Bryan Frederick W, Xu Zhoubing, Asman Andrew J, Allen Wade M, Reich Daniel S, Landman Bennett A
Electrical Engineering, Vanderbilt University, Nashville, Tennessee 37235.
Translational Neuroradiology Unit, National Institute of Neurological Disorders and Stroke, National Institutes of Health, Bethesda, Maryland 20892.
Med Phys. 2014 Mar;41(3):031903. doi: 10.1118/1.4864236.
Expert manual labeling is the gold standard for image segmentation, but this process is difficult, time-consuming, and prone to inter-individual differences. While fully automated methods have successfully targeted many anatomies, automated methods have not yet been developed for numerous essential structures (e.g., the internal structure of the spinal cord as seen on magnetic resonance imaging). Collaborative labeling is a new paradigm that offers a robust alternative that may realize both the throughput of automation and the guidance of experts. Yet, distributing manual labeling expertise across individuals and sites introduces potential human factors concerns (e.g., training, software usability) and statistical considerations (e.g., fusion of information, assessment of confidence, bias) that must be further explored. During the labeling process, it is simple to ask raters to self-assess the confidence of their labels, but this is rarely done and has not been previously quantitatively studied. Herein, the authors explore the utility of self-assessment in relation to automated assessment of rater performance in the context of statistical fusion.

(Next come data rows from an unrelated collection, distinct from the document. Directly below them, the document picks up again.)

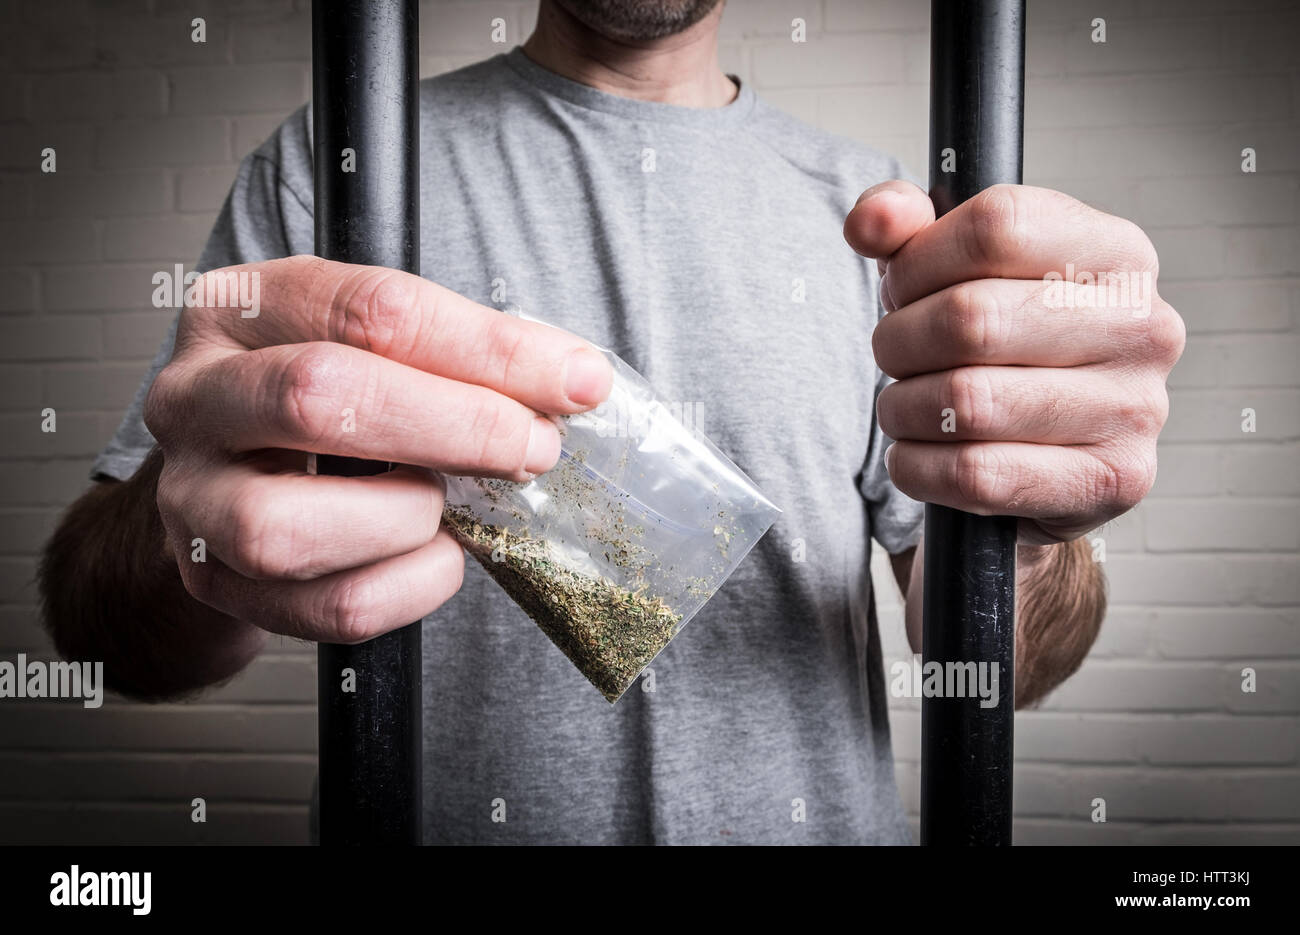 Un prisonnier derrière les barreaux de prison holding drogues ou psychotropes légales Spice (photo posée par modèle pour illustrer le problème des drogues dans les prisons du Royaume-Uni) Banque D'Images
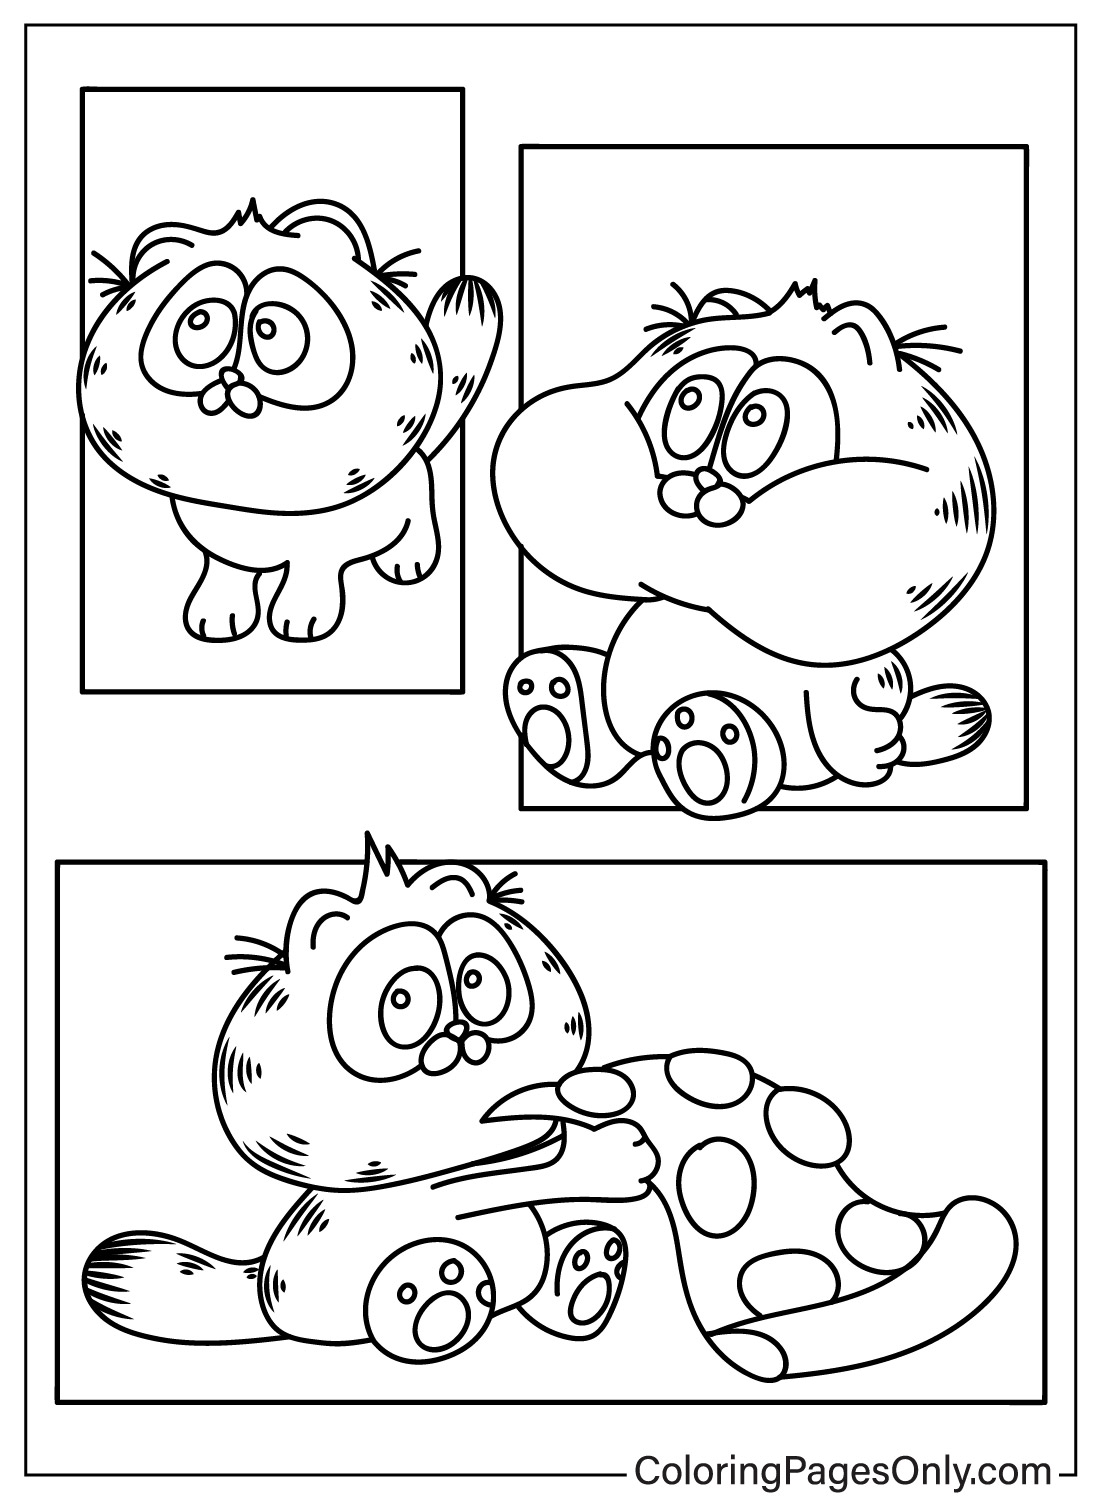 Simpatica pagina da colorare di Garfield da Garfield
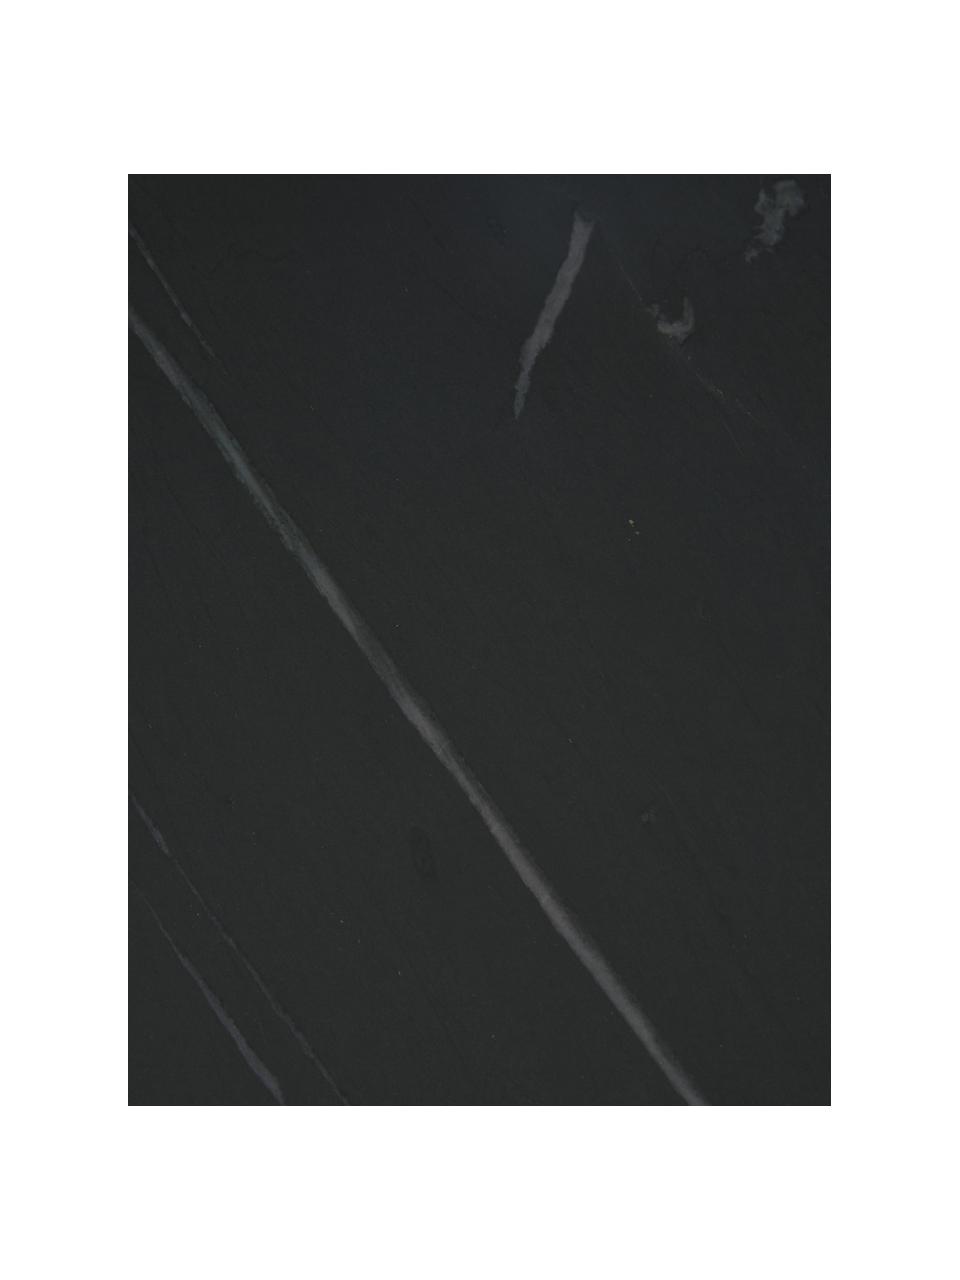 Stolik pomocniczy z marmuru Alys, Blat: marmur, Stelaż: metal malowany proszkowo, Czarny, marmurowy, S 45 x W 50 cm

The authors conducted a study of 66 volumes manually labeled by 75 minimally trained human raters recruited from the university undergraduate population. Raters were given 15 min of training during which they were shown examples of correct segmentation, and the online segmentation tool was demonstrated. The volumes were labeled 2D slice-wise, and the slices were unordered. A self-assessed quality metric was produced by raters for each slice by marking a confidence bar superimposed on the slice. Volumes produced by both voting and statistical fusion algorithms were compared against a set of expert segmentations of the same volumes.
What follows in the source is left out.